* **Brief**
Transcribe word for word each line from the one containing "Capri by the Sea, San Diego, CA, USA" to the final line of the data, both included. Skip the pictures.

* **Supplied information**
---
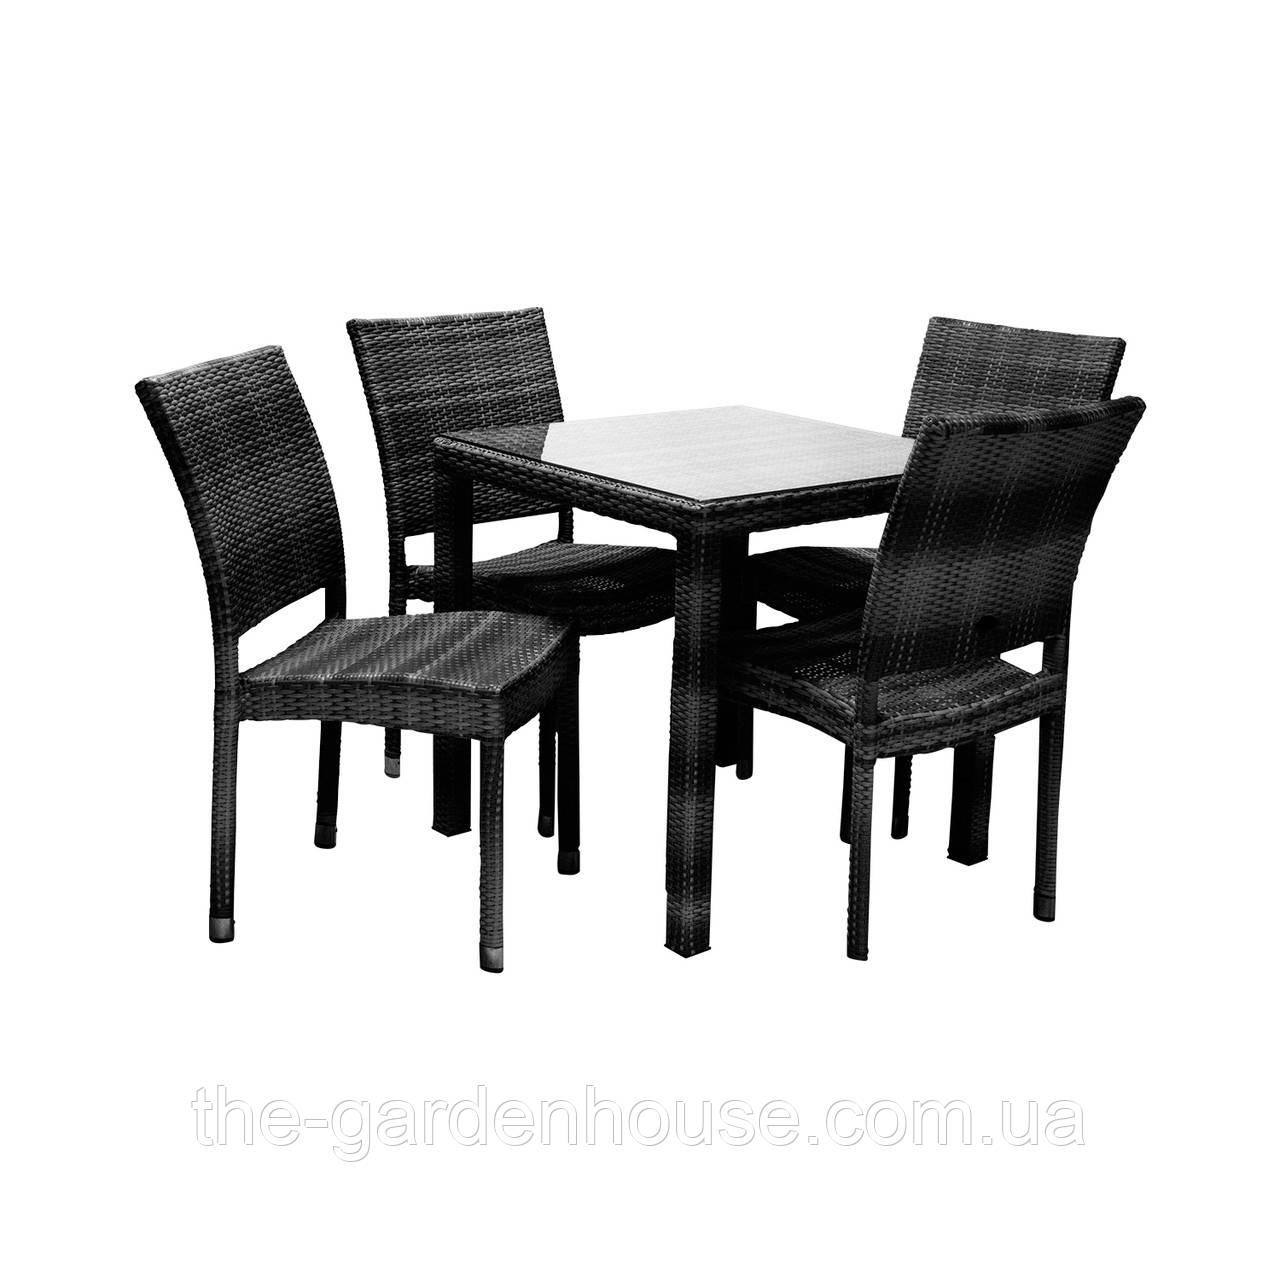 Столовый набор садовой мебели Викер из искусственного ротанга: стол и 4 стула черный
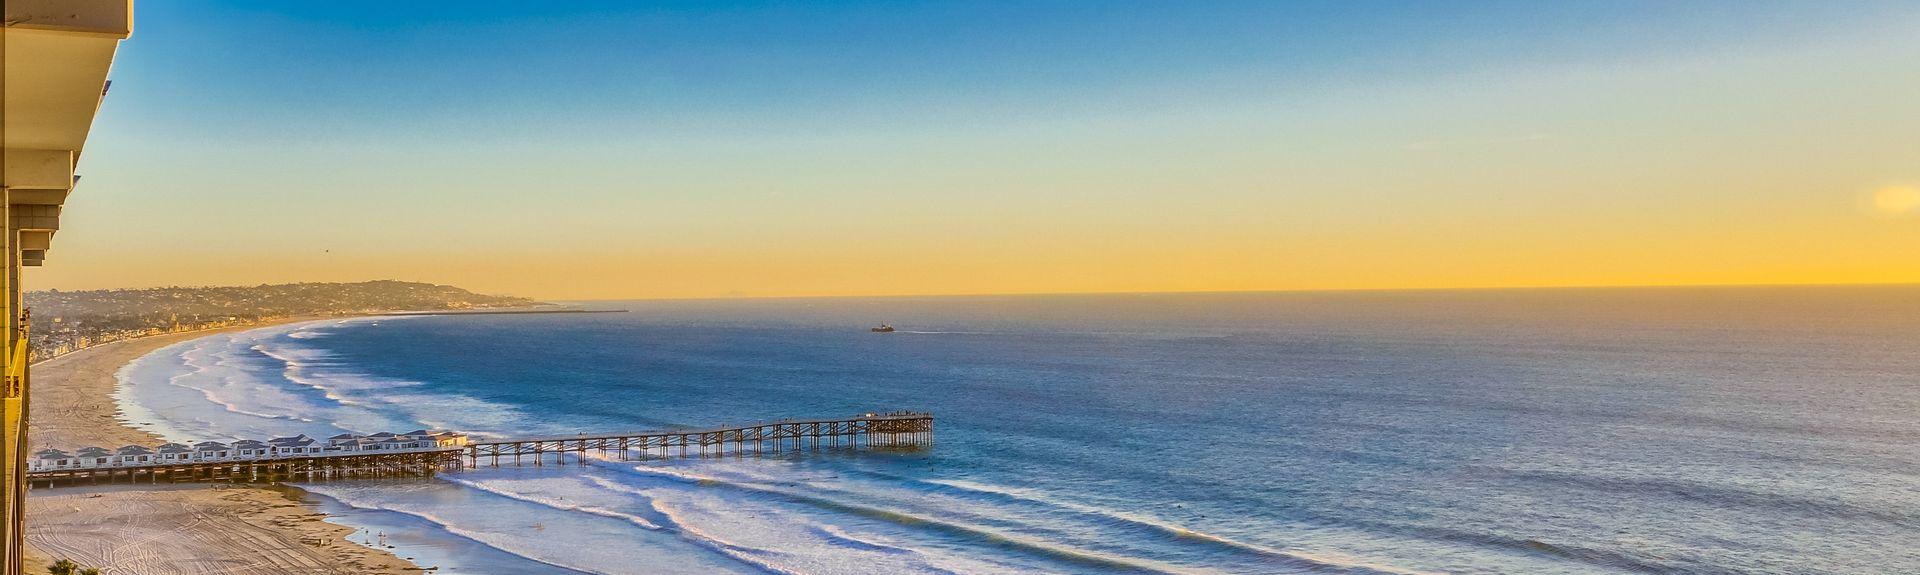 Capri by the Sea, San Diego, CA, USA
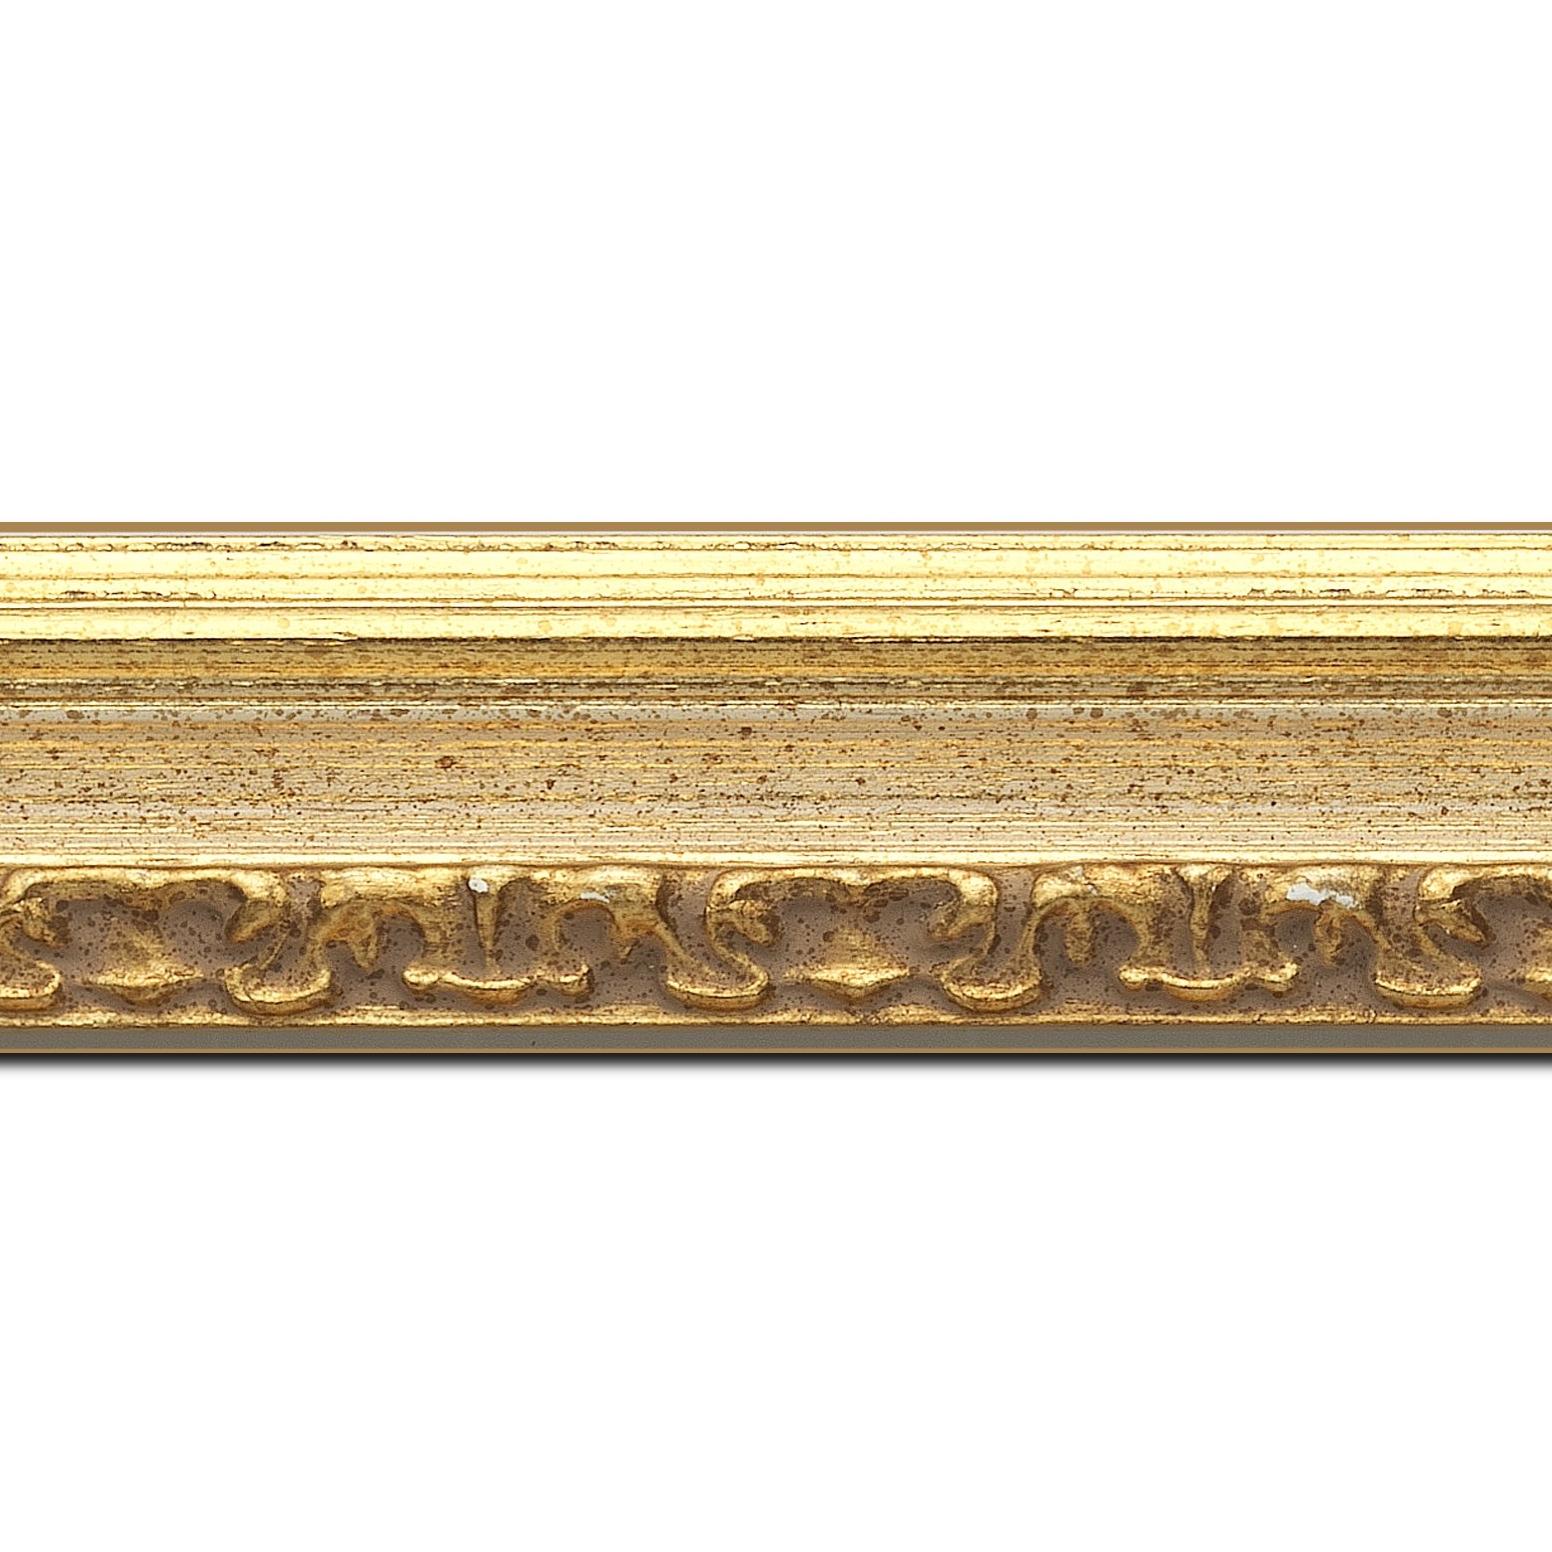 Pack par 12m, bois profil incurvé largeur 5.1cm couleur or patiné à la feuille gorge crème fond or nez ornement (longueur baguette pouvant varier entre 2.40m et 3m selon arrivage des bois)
---
* **Response**
 Capri by the Sea, San Diego, CA, USA
 Pack par 12m, bois profil incurvé largeur 5.1cm couleur or patiné à la feuille gorge crème fond or nez ornement (longueur baguette pouvant varier entre 2.40m et 3m selon arrivage des bois)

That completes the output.